Por Camila Pavanelli de Lorenzi

141028-Copo– Era uma vez um prefeito que recebeu a notícia de que a cidade que ele governava teria de ser evacuada por falta d’água. Estupefato, o prefeito indagou: cumequié? Então lhe disseram que não era nada daquilo, que estava tudo bem agora.

– O prefeito era Haddad e a cidade era São Paulo (http://bit.ly/1DTdpwL).

– Mas a notícia da evacuação de São Paulo nem nova é: há 3 dias, foi divulgado um áudio em que um diretor da Sabesp admite, meio de brincadeira, meio a sério (cabe ao leitor/ouvinte decidir qual é a parte do riso e qual a do choro), que se não chover nos últimos meses de 2014, a Sabesp dará férias coletivas para os habitantes de São Paulo (http://bit.ly/1wl1O8O).

– A única novidade na notícia de hoje, então, é que a “brincadeira séria” do diretor da Sabesp saiu da sala de reuniões da empresa e chegou ao gabinete de Haddad.
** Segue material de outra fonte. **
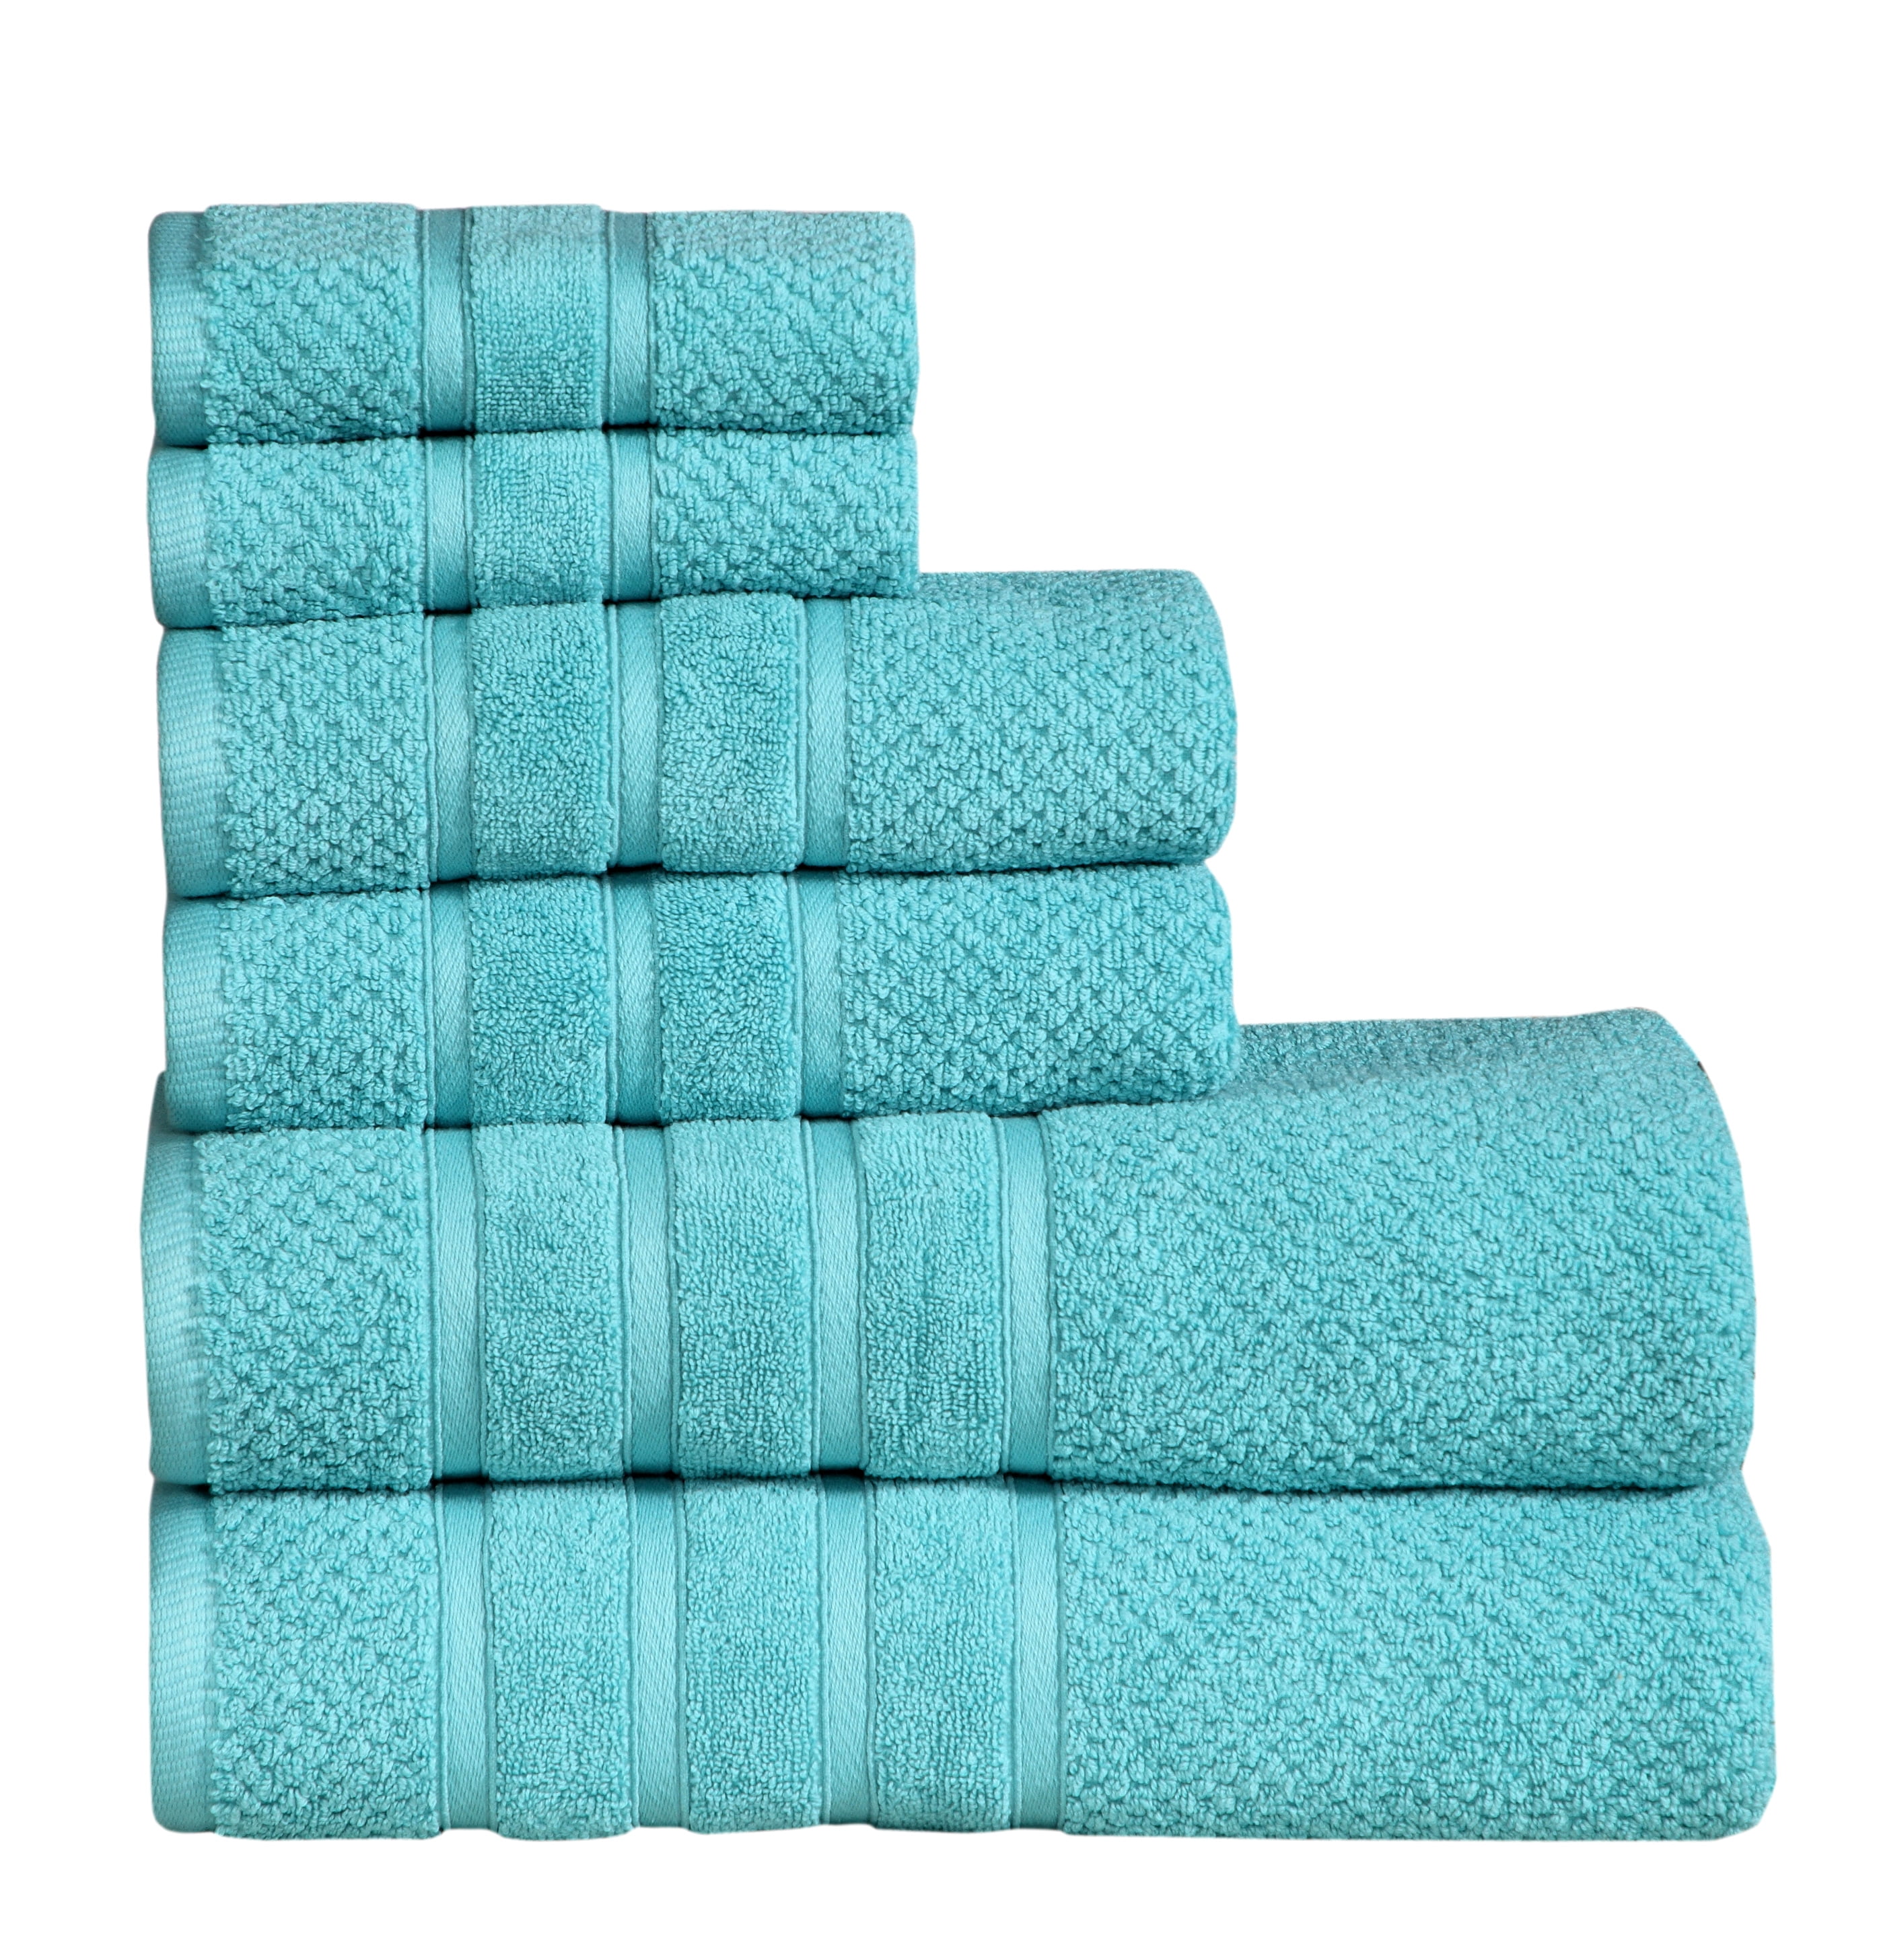 Feather & Stitch 6 Piece Sets of Bathroom Towels - 100% Cotton High Quality  - Fade Resistant Hotel Collection Bath Towel Set - 2 Bath Towels, 2 Hand  Towels & 2 Washcloth - Aqua 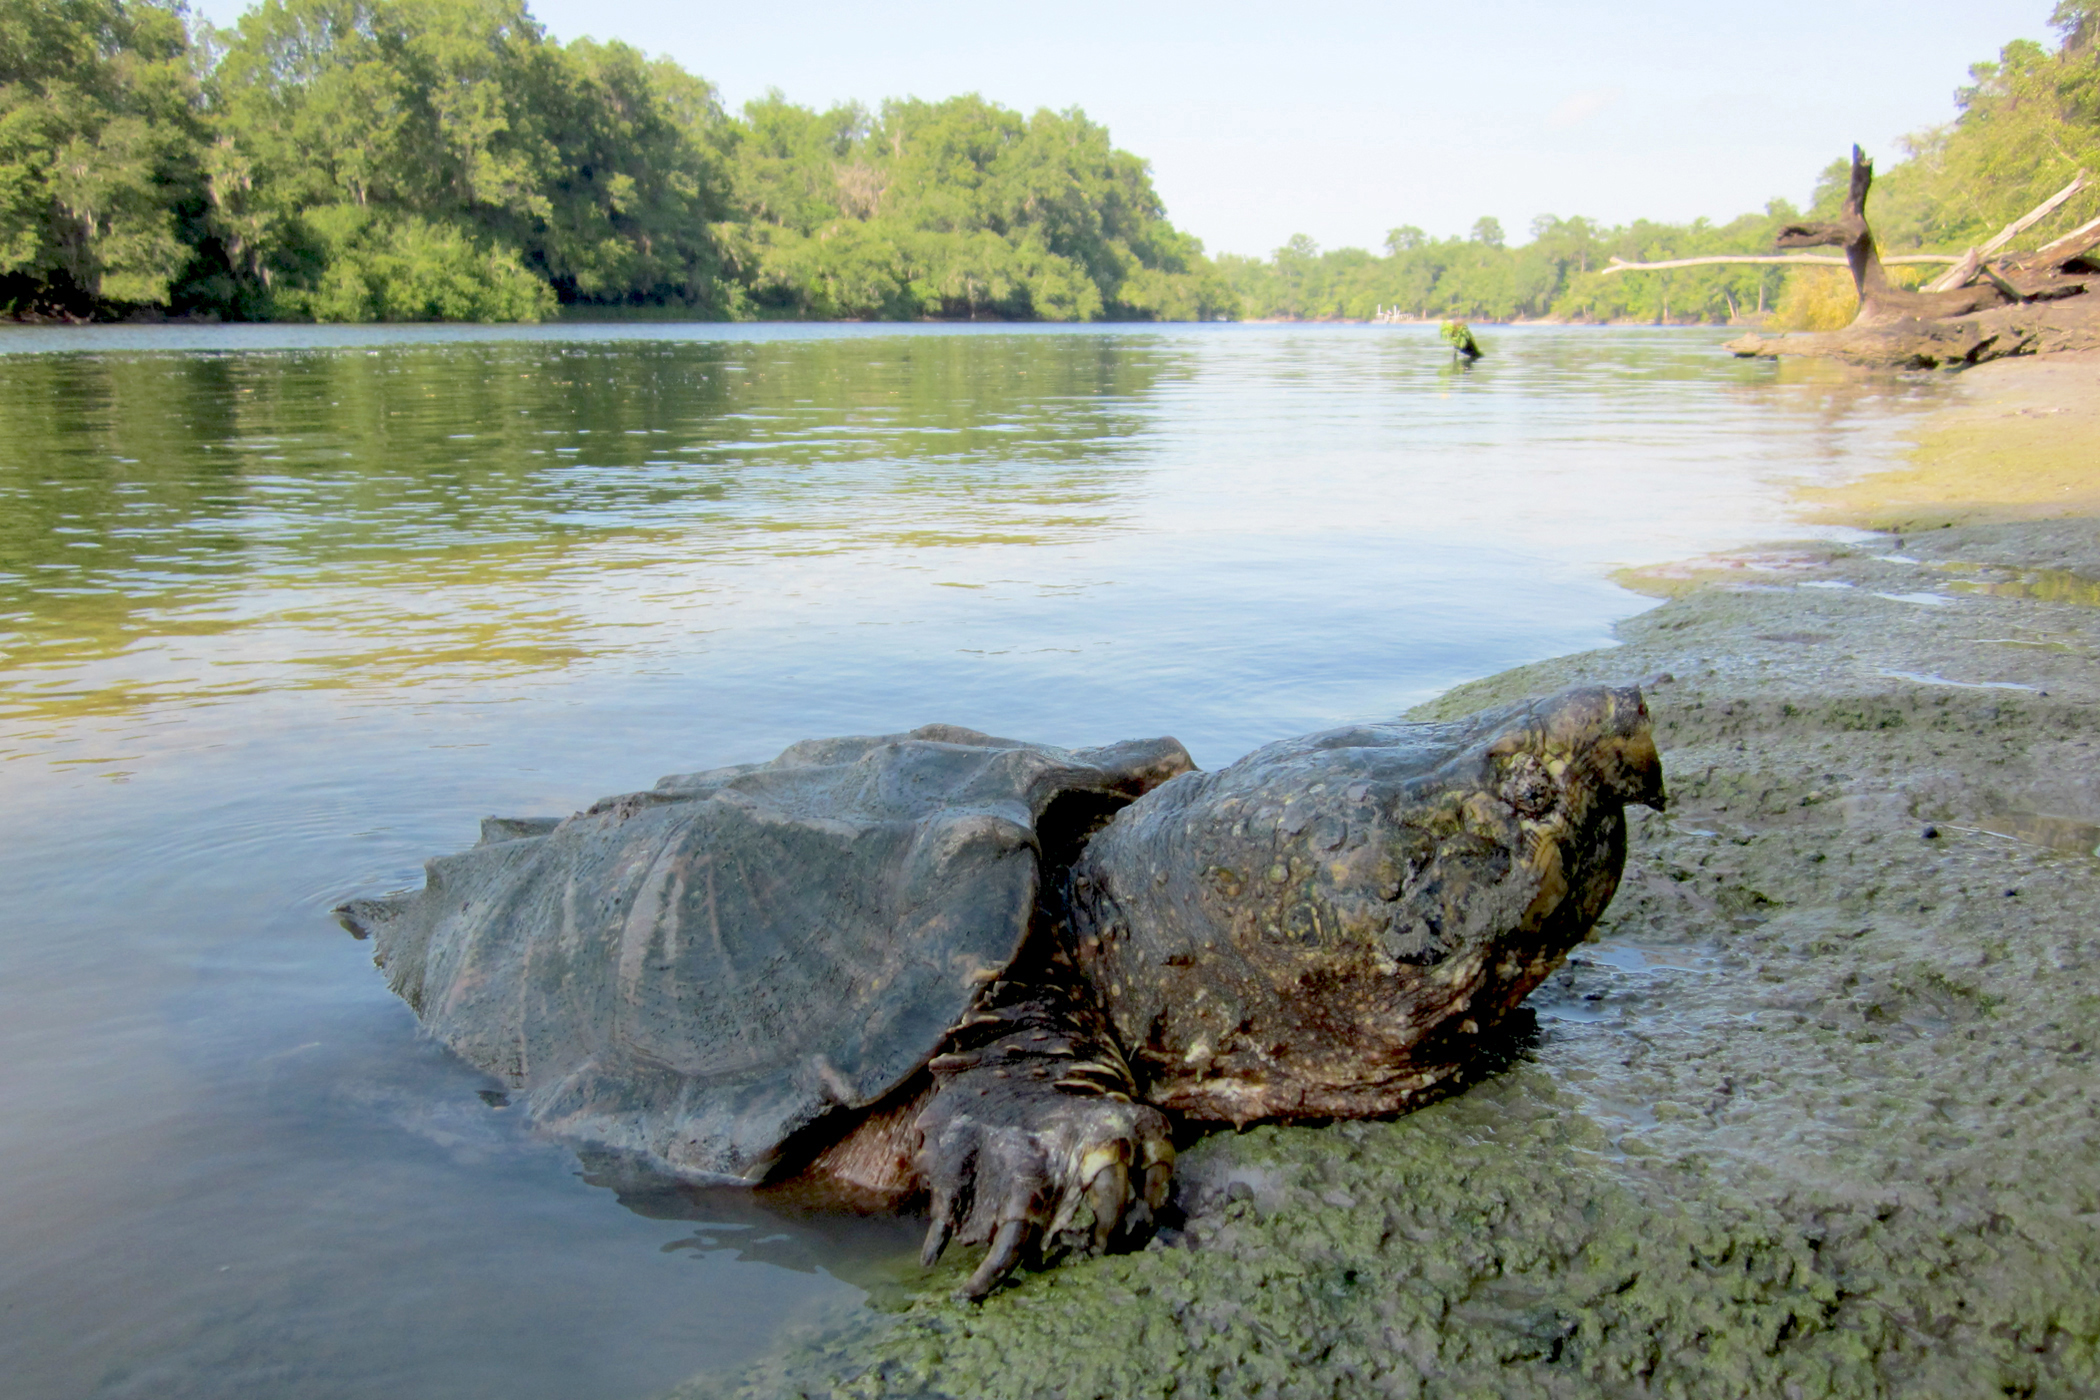 Dinosaurs of the turtle world' at risk in Southeast rivers ...

Seguem outras notícias de hoje, ainda na linha editorial “implodindo os limites entre comédia e tragédia”:

– Enquanto uns choram, outros vendem lenço: uma empresa que fabrica caixa d’água registrou um aumento de 50% na demanda (quando exatamente? a matéria não diz), e fábricas em outros estados agora trabalham para atender aos pedidos de São Paulo ‪#‎SPLocomotivaDoBrasilFaçaChuvaOuFaçaSeca‬ (http://bit.ly/1tdNZqC);

– A página do Facebook da Prefeitura de São José dos Campos aproveitou que estava chovendo para pedir aos amigos internautas que guardassem uma aguinha de recordação. A postagem foi apagada após ter sido considerada “tendenciosa” e ter “exaltado os ânimos” dos amigos internautas. O prefeito da cidade é do PT (http://bit.ly/1yFYK52);

– Enquanto isso, parte da nossa imprensa continua abismada que a chuva não vem colaborando: “Nem mesmo a chuva de média intensidade ocorrida ontem (26) foi suficiente para conter a queda gradual que se observa do nível de água dos reservatórios da Sabesp” (http://bit.ly/ZVKU2f – ver postagem de 27/10, 10:57);

– É compreensível: que ponha a mão no fogo quem nunca achou que iria aprender inglês em duas semanas, emagrecer em cinco dias e amarrar o grande amor em três. Perto desses ambiciosos projetos, salvar o Sistema Cantareira com a chuvinha do fim de semana até que soa modesto.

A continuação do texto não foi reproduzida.